We should also not overlook the benefits of the 2003 law that Dr. Emanuel cites. This law, the Medicare Prescription Drug, Improvement and Modernization Act of 2003, was passed to move Medicare Part-B reimbursement from the fictitious industry-created list price, called the “average wholesale price” to a realistic, evidence-based price benchmark based on average sales prices, plus 6%. Dr. Emanuel asserts that linking reimbursement to an average-plus-6% in effect limits the growth of a generic drug’s price to only 6% every 6 months, because that’s how frequently the average sales prices are currently calculated.
While there may be some merit to this critique, let’s not forget that Congress enacted this law in response to the multi-billion dollar AWP drug-pricing fraud by dozens of drug makers upon Medicare Part-B and private insurers.
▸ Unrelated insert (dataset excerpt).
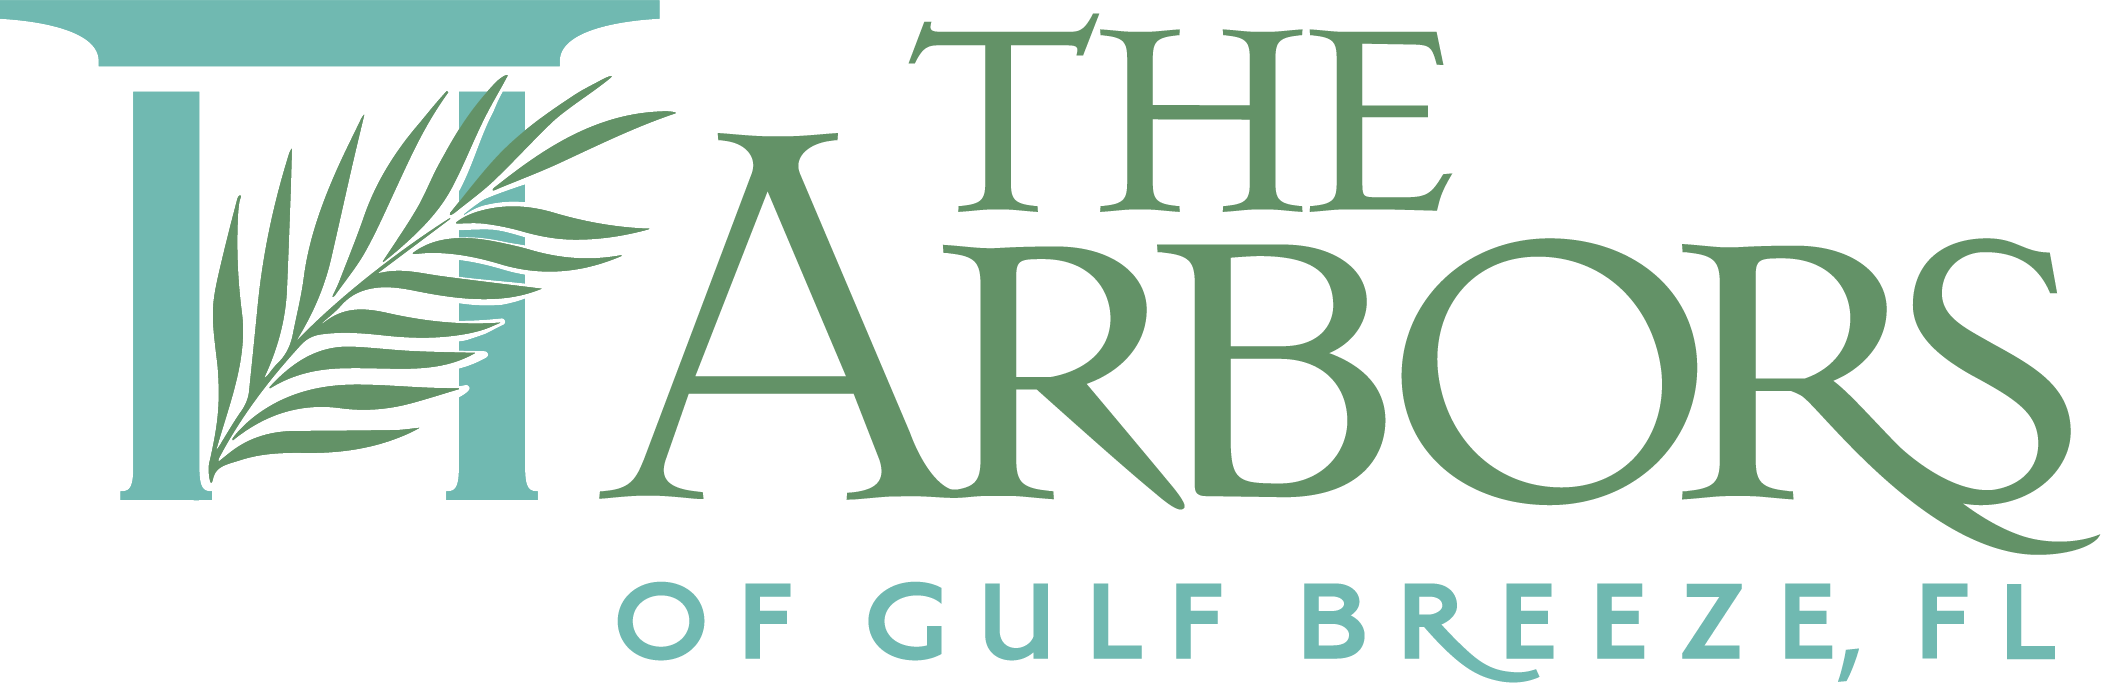 Arbors of Gulf Breeze Home

From the early 1990s until at least 2001, drug makers promoted hundreds of their doctor-administered drugs by inflating the drug’s list price, called the ‘average wholesale price’ which was used by Medicare and private insurers to reimburse the doctor. Drug companies pitched to doctors that their practices would reap far higher profits using a drug with an inflated price. This was called ‘marketing the spread.’ For years, doctors bought the drugs at a much lower price, and then kept the profits, costing our health system billions. At the same time, many cancer patients, struggling with their serious illness, were forced to pay higher and co-payments if they had insurance, and high out-of-pocket costs if they were uninsured. And patients’ medical care was subverted by the inappropriate financial incentives which amounted to hundreds of thousands of dollars a year for some doctors.
The 2001 PAL Average Wholesale Price lawsuit, following on federal government investigative reports, helped to highlight this problem, and led Congress to enact the Medicare Prescription Drug, Improvement and Modernization Act of 2003. This law changed Medicare Part-B reimbursement from the fictitious industry-created “average wholesale price” to a more evidence-based price benchmark based on average sales prices.
Over 28 drug makers agreed to settle the litigation by the private sector for $125 million. Other lawsuits with other defendants for the same type of AWP-related pricing fraud upon consumers and the private sector have also been settled. But even the combined $860 million in total settlements of AWP fraud cases cannot protect consumers from the costs of increased premiums, and reduced quality of care as this 2003 law continues to do.
While the system for Medicare’s reimbursement of generic cancer drugs may need some corrections, such as a more rapid monthly or quarterly reporting of price data to incentivize new generics to fill any supply gaps, we should not remove the 2003 law’s common-sense protection that prevents drugmakers from gaming the system of government reimbursement.
Along these lines, some state Medicaid programs have started to move to similar evidence-based “average sales price” systems for pharmacy reimbursement as well. Our health system should pay doctors and pharmacies prices that are closer to their actual costs, and not fictitious amounts cooked up by drugmakers for their own duplicitous ends.